> _PROVIDED DATA_

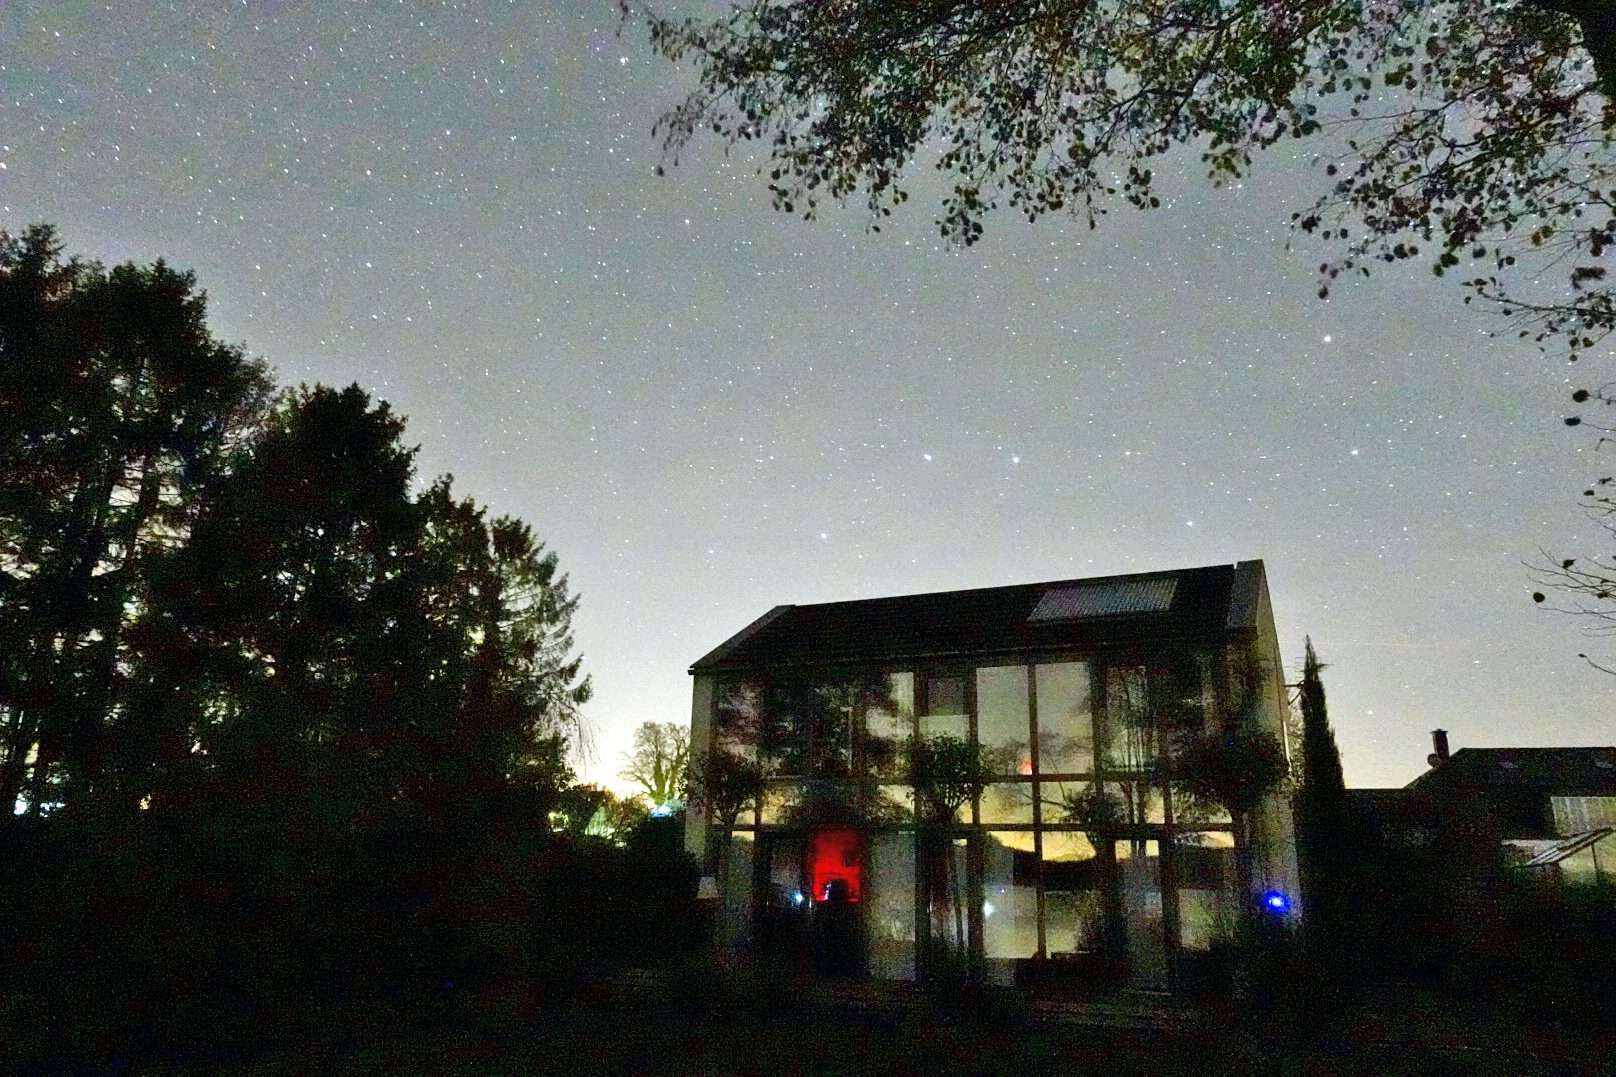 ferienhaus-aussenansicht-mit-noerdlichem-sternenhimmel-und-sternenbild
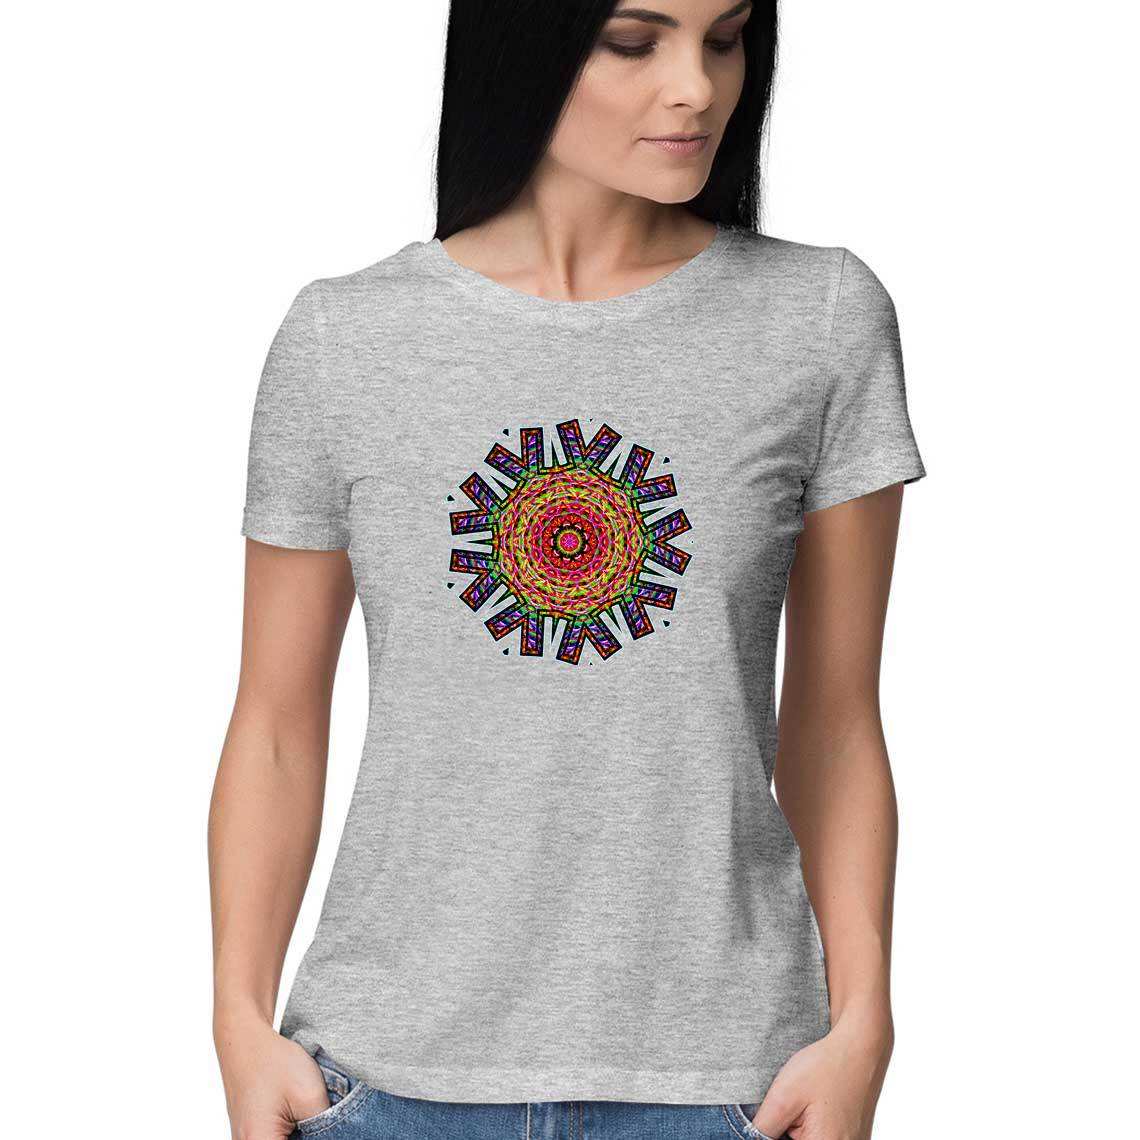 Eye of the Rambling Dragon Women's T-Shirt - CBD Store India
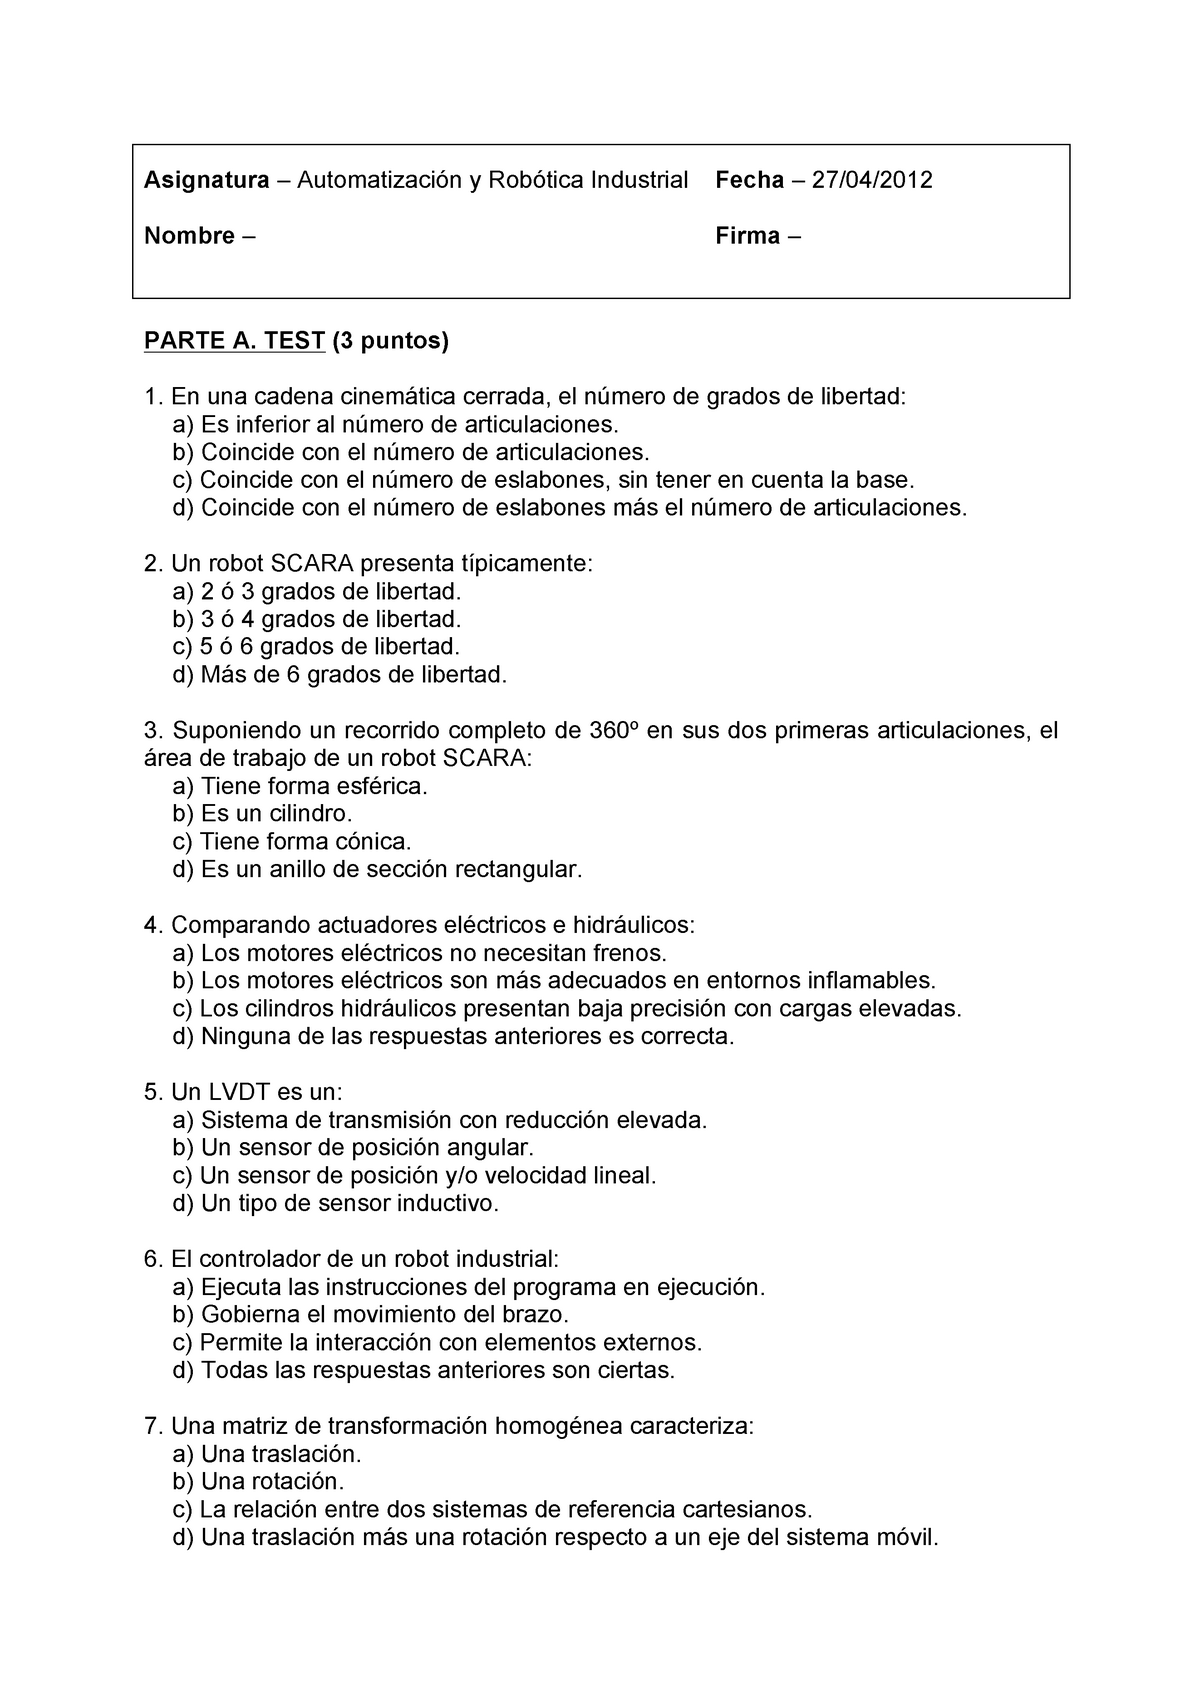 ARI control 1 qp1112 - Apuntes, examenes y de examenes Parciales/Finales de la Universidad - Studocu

> _DIRECTIONS_
Nothing but the lines from the one with "Eye of the Rambling" through the last line of the material above should appear in the answer, each copied exactly, with no pictures.

> _TASK RESULT_
 Eye of the Rambling Dragon Women's T-Shirt - CBD Store India
 ARI control 1 qp1112 - Apuntes, examenes y de examenes Parciales/Finales de la Universidad - Studocu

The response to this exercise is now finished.